In a randomized, double-blind, placebo-controlled trial in HIV-1-infected women and their neonates conducted to determine the utility of zidovudine for the prevention of maternal-fetal HIV-1 transmission, zidovudine syrup at 2 mg per kg was administered every 6 hours for 6 weeks to neonates beginning within 12 hours following birth. The most commonly reported adverse reactions were anemia (hemoglobin less than 9.0 g per dL) and neutropenia (less than 1,000 cells per mm 3). Anemia occurred in 22% of the neonates who received zidovudine and in 12% of the neonates who received placebo. The mean difference in hemoglobin values was less than 1 g per dL for neonates receiving zidovudine compared with neonates receiving placebo. No neonates with anemia required transfusion and all hemoglobin values spontaneously returned to normal within 6 weeks after completion of therapy with zidovudine. Neutropenia in neonates was reported with similar frequency in the group that received zidovudine (21%) and in the group that received placebo (27%). The long-term consequences of in utero and infant exposure to zidovudine are unknown.
The following adverse reactions have been identified during post-approval use of zidovudine. Because these reactions are reported voluntarily from a population of unknown size, it is not always possible to reliably estimate their frequency or establish a causal relationship to drug exposure.
Body as a Whole: Back pain, chest pain, flu-like syndrome, generalized pain, redistribution/ accumulation of body fat [see Warnings and Precautions (5.7)].
Cardiovascular: Cardiomyopathy, syncope.
Eye: Macular edema.
Gastrointestinal: Constipation, dysphagia, flatulence, oral mucosa pigmentation, mouth ulcer.
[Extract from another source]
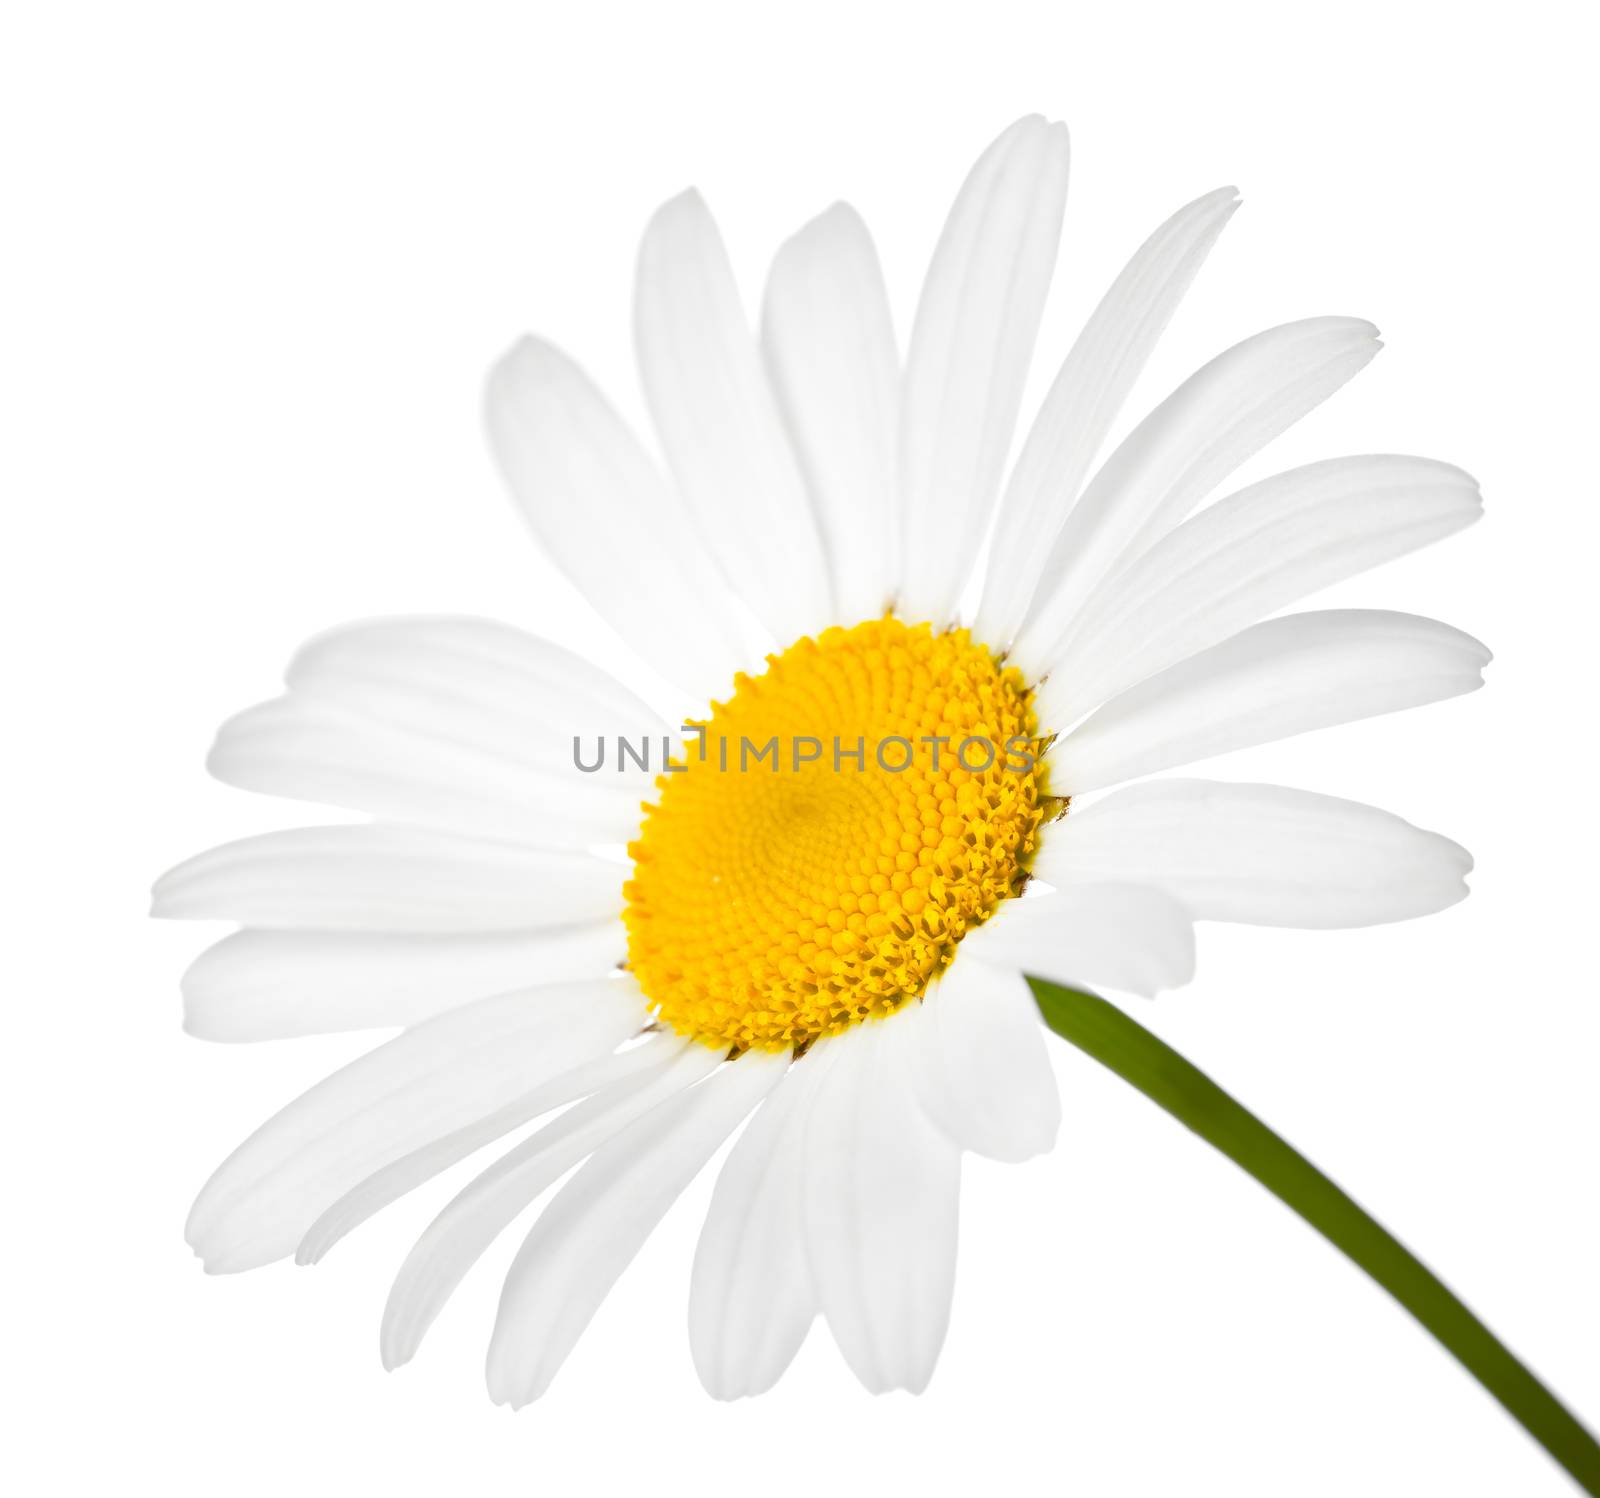 Chamomile flower isolated on white background. Macro shot

General: Sensitization reactions including anaphylaxis and angioedema, vasculitis.
Hematologic: Aplastic anemia, hemolytic anemia, leukopenia, lymphadenopathy, pancytopenia with marrow hypoplasia, pure red cell aplasia.
Hepatobiliary: Hepatitis, hepatomegaly with steatosis, jaundice, lactic acidosis, pancreatitis.
Musculoskeletal: Increased CPK, increased LDH, muscle spasm, myopathy and myositis with pathological changes (similar to that produced by HIV-1 disease), rhabdomyolysis, tremor.
Nervous: Anxiety, confusion, depression, dizziness, loss of mental acuity, mania, paresthesia, seizures, somnolence, vertigo.
Reproductive System and Breast: Gynecomastia.
Respiratory: Dyspnea, rhinitis, sinusitis.
Skin and Subcutaneous Tissue: Changes in skin and nail pigmentation, pruritus, Stevens-Johnson syndrome, toxic epidermal necrolysis, sweating, urticaria.
Special Senses: Amblyopia, hearing loss, photophobia, taste perversion.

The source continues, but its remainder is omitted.